Northeastern Connecticut is, in contrast to the rest of the state, far more rural, with large swaths of scenic farmland, rivers and lakes, woodlands, and state forests. Its population centers are largely rural and semi-rural historic towns (many with legacies stretching back to the American Colonial Era), and most with populations below 10,000 residents. As such, it is one of the least-urbanized districts along the Northeast Megalopolis. Many of the towns are within a long commuting distance of Boston; although none are considered a part of the Boston Metropolitan Area. Only the Interstate 395 highway corridor passes through the heart of the Quiet Corner as a nationally signed part of the Interstate Highway System, linking the area to Worcester, MA (and by extension the Massachusetts Turnpike), and also the Connecticut Shoreline. Additionally, but of less note, Interstate 84 passes near the western periphery of the region, providing a tenuous link with Hartford and the rest of the state. Although not major thoroughfares, Route 44 and Route 6 help to criss-cross the Quiet Corner, providing rural, but relatively straightforward East-West transit to both Providence, RI, and Hartford for local residents. 

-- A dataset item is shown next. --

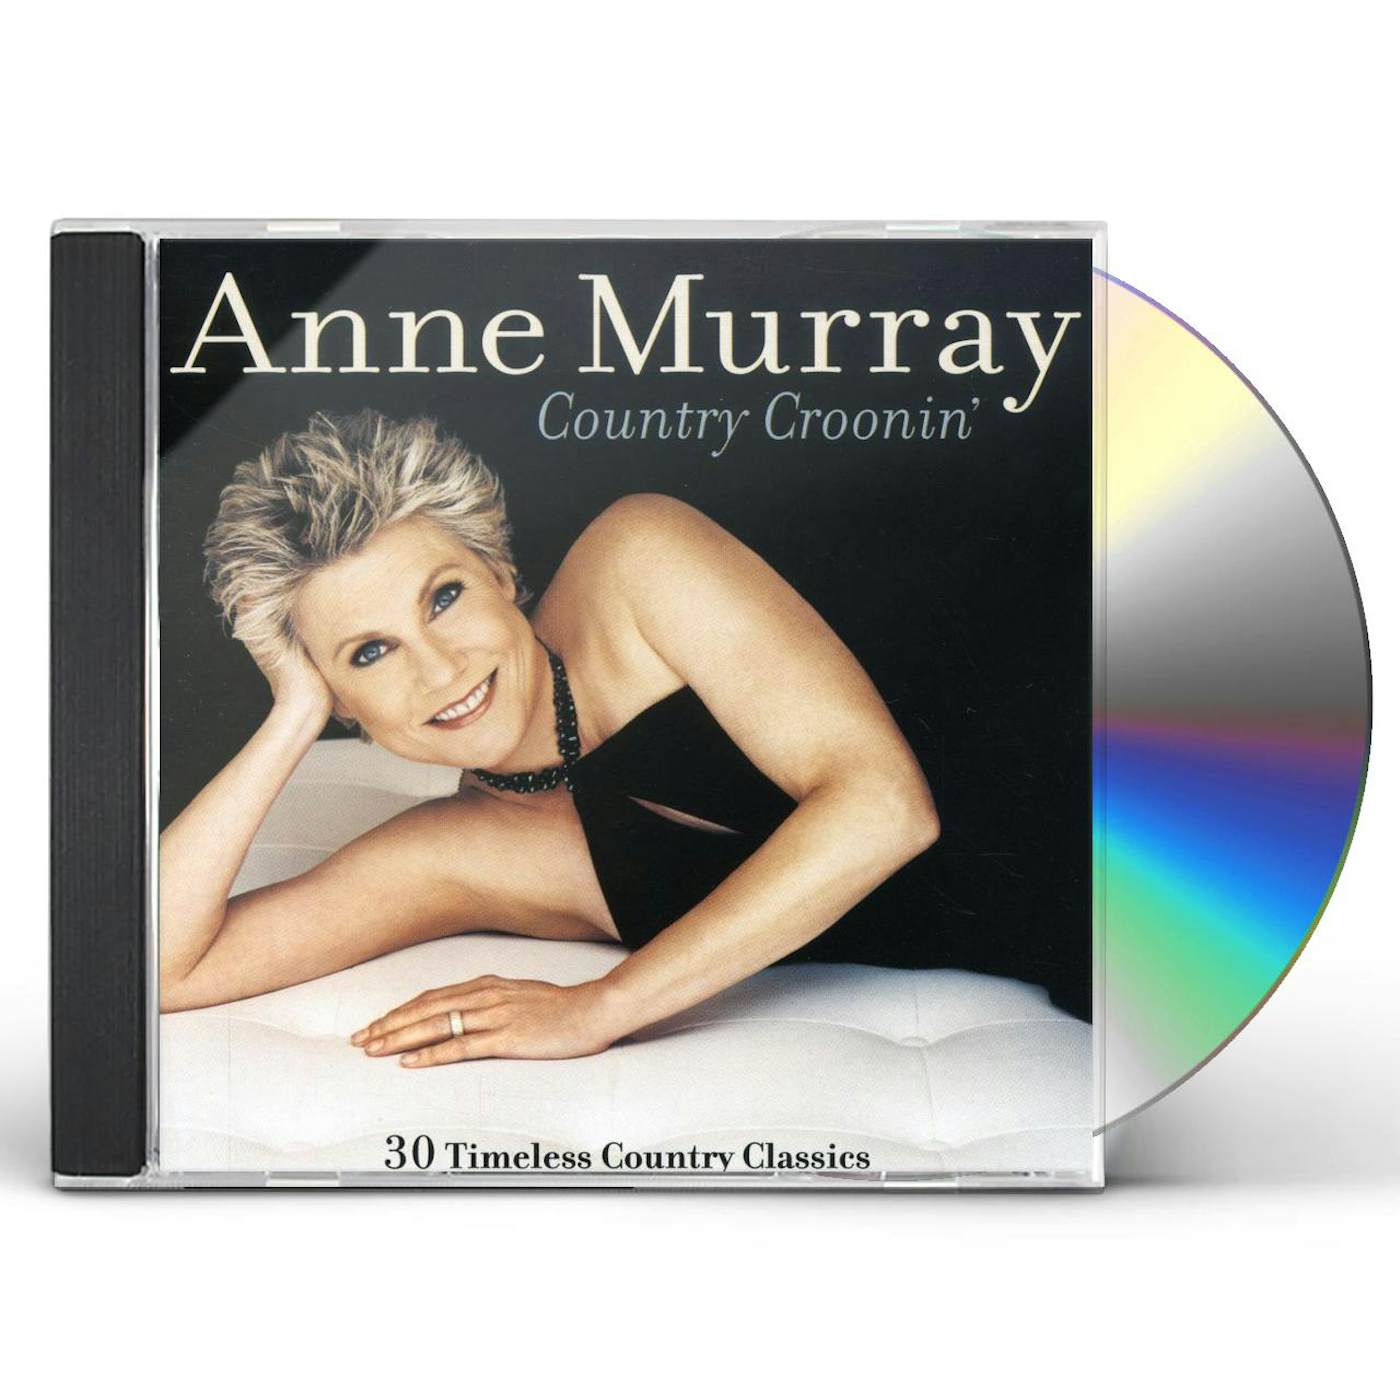 Anne Murray COUNTRY CROONIN CD

Due to its relative isolation, The Quiet Corner is considered a core part of the Last Green Valley National Heritage Corridor, a source of pride and identity which many residents of the area seek to preserve.Under some definitions of the Quiet Corner, the region's largest town is Windham, including the borough of Willimantic, with a population of 25,000. Under a more conservative definition of the region, however, the largest town is Killingly, with a population of nearly 18,000. As paradoxical as it may seem, it can be noted that the Willimantic and Windham area is sometimes not considered a part of the Quiet Corner proper, as its much larger population size, urbanized/industrial setting, and location at the extreme southwestern corner of Windham County (with stronger ties to Manchester, Hartford, and Norwich) seek to divide the town from the more rural settings further north and east. It can generally be agreed upon that the core of today's Quiet Corner encompasses the towns of Pomfret, Killingly, Putnam, Woodstock, Brooklyn, Thompson, Eastford, Hampton, Chaplin, Plainfield, Canterbury, Sterling, and Scotland. Towns bordering the aforementioned region may or may not be considered a part of the Quiet Corner, depending on the resident who is asked.

Mill villages
Early industry in the area was powered by watermills set on fast rivers and streams such as the Willimantic River and the Quinebaug River. Many were built during the early part of the Industrial Revolution in conjunction with Samuel Slater's famous mills in nearby Massachusetts and Rhode Island. Indeed, many towns of the area once bolstered large textile mills and milltowns, such as the Belding Mills in Thompson and Putnam and the Plainfield Woolen Company Mill and for nearly a century (from the early 1800s to roughly the 1930s) were a major source of economic and industrial development in the region. However, by the latter half of the 20th century, many of these mills had fallen into disrepair and by the early 2000s had been dismantled. Of these surviving mill buildings, most have since been renovated into places of local business or stylish condominiums for residents. Several Quiet Corner subcommunities, North Grosvenordale in Thompson, Danielson in Killingly, and Central Village in Plainfield, to this day retain visual echoes of the historic mill-town villages.

Tourism

The Quiet Corner is popular with tourists for its traditional New England scenery and culture, namely: locally produced foods, bed and breakfasts, historic farms, inns, and town centers, stone walls, agricultural fairs, and antique shops.  Major attractions in and around the Quiet Corner include: 
  
 Route 169, a National Scenic Byway running north-and-south through the region. 
 A scenic segment of Route 44 passing through the rural woodlands of the Quiet Corner. 
 The birthplace of Samuel Huntington in Scotland.
 The Northern half of the Airline Trail, which traverses Windham to Thompson.  
 Several noted breweries and vineyards, including two Connecticut Wine Trail vineyards, Taylor Brooke and Sharpe Hill.  
 The Tourtellotte Memorial Room and Museum, the Thompson Speedway, and the West Thompson Dam in Thompson.
 Historic Roseland Cottage and the Woodstock Fair in Woodstock.
 The Wolf Den in Pomfret. 
 The Israel Putnam Monument and Brooklyn Fair in Brooklyn.
 The Lebanon Town Green and its accompanying Revolutionary War historic sites in Lebanon.  
 The Prudence Crandall House Museum in Canterbury.
 The Coventry Farmer's Market and Nathan Hale Homestead in Coventry.   
 The variety of antique shops of Pomfret, Putnam, and Woodstock. 
 The University of Connecticut flagship campus in Storrs.
 The Tri-state Marker, denoting the point where the states of Massachusetts, Rhode Island, and Connecticut touch.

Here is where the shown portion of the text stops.